3. Analisis kedudukan dan keterkaitan sistem prasarana kawasan dengan wilayah yang lebih
luas.

Analisis ini dilakukan dengan cara mengidentifikasi sistem prasarana kawasan dalam kaitannya
dengan sistem prasarana wilayah di Kabupaten Tapin. Pada analisis ini mengidentifikasi
kondisi eksisting sistem prasarana wilayah dan rencana sistem prasarana yang sudah
ditetapkan oleh Pemerintah Kabupaten Tapin, Pemerintah Provinsi Kalimantan Selatan
maupun oleh Pemerintah Pusat. Sistem prasarana yang dikaji adalah prasarana transportasi,
energi/listrik, telekomunkasi, limbah, persampahan, sumber daya air (drainase, air minum),
jalur evakuasi dan ruang evakuasi bencana, serta prasarana lainnya.

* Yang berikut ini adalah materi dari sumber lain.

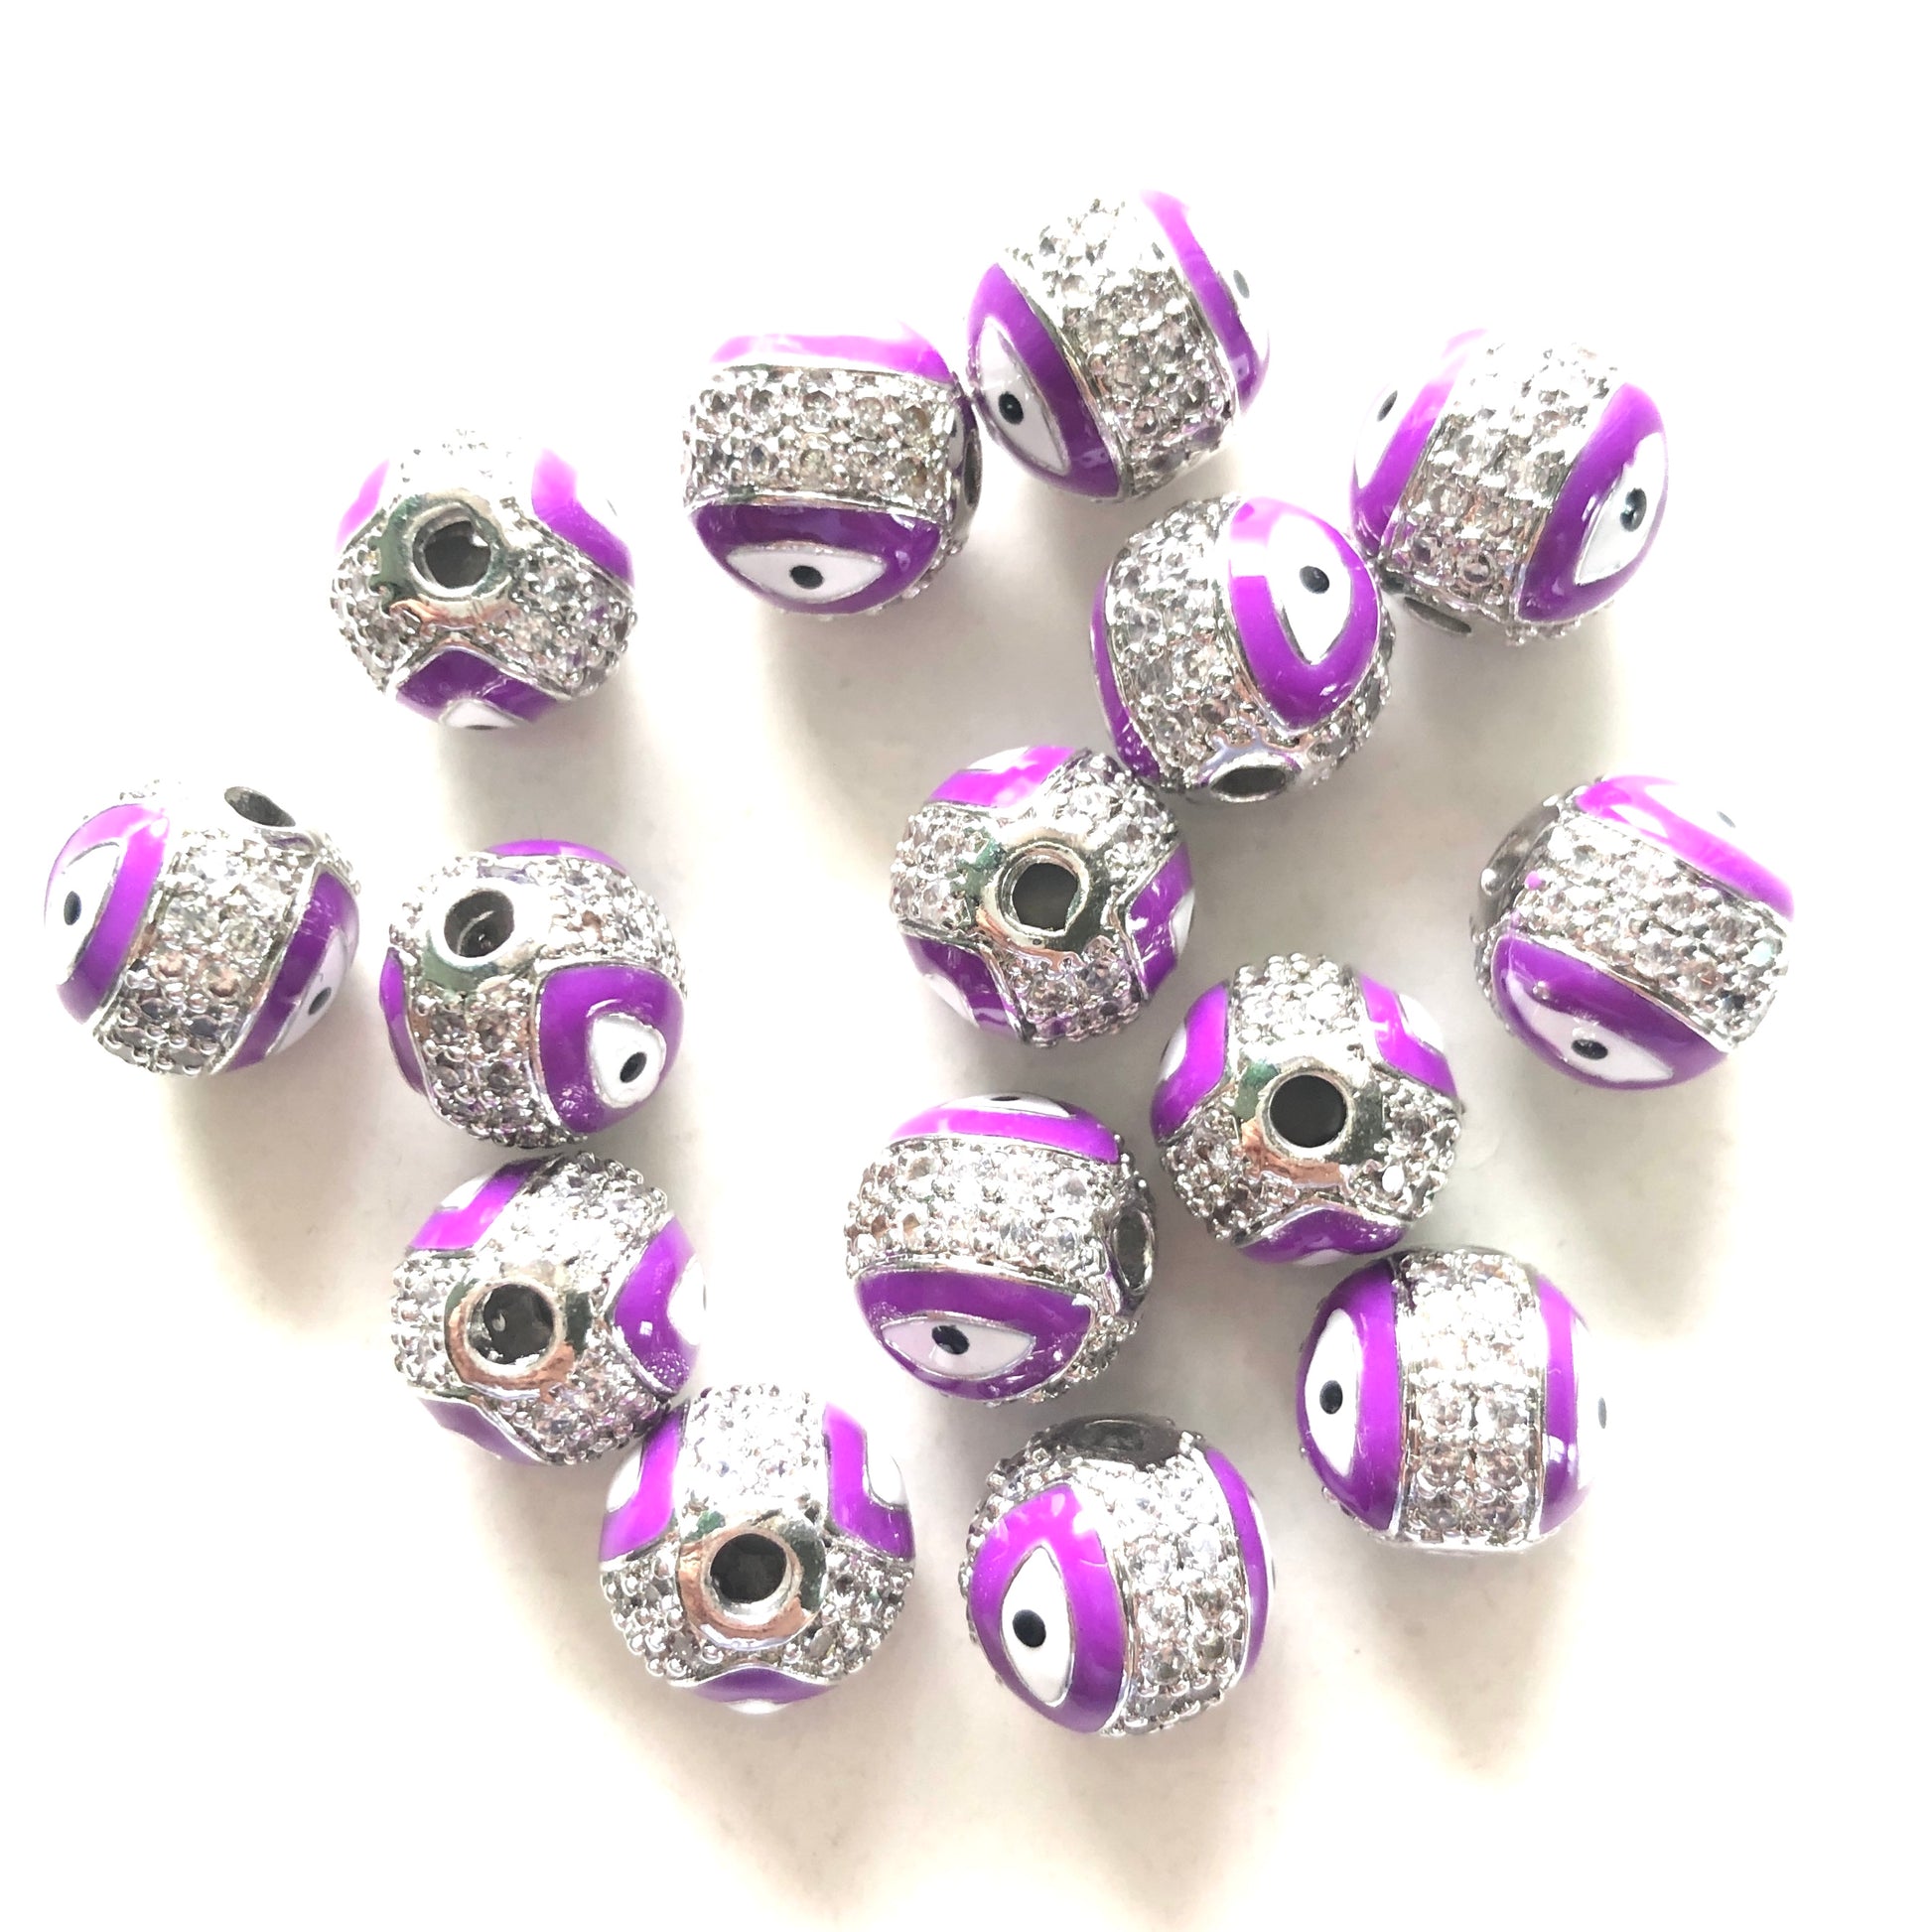 10pcs/lot 10mm CZ Paved Silver Evil Eye Spacers Purple CZ Paved Spacers 10mm Beads Ball Beads New Spacers Arrivals Charms Beads Beyond

4. Analisis kedudukan dan keterkaitan aspek lingkungan (pengelolaan fisik dan SDA) kawasan
pada wilayah yang lebih luas;

22
Usulan Teknis

Analisis ini dilakukan dengan cara mengidentifikasi kondisi fisik-lingkungan dan sumber daya
alam kawasan dalam kaitannya dengan wilayah kecamatan lain di Kabupaten Seram Bagian
Barat. Pada analisis ini mengidentifikasi kondisi eksisting fisik-lingkungan dan sumber daya
alam dan kebijakan-kebijakan pengelolaan lingkungan dalam kerangka wilayah. Analisis ini
mengulas arti penting lingkungan dan pengelolaan lingkungan di kawasan dalam menjaga
keseimbangan dan kelestarian lingkungan pada wilayah yang lebih luas.

5. Analisis kedudukan dan keterkaitan aspek pendanaan kawasan.

Analisis ini dilakukan dengan cara mengidentifikasi kondisi dan potensi pendanaan yang
dimiliki kawasan dalam kaitannya dengan wilayah di Kabupaten tapin. Pada analisis ini
mengidentifikasi kedudukan struktur APBD kawasan pada konteks wilayah kabupaten.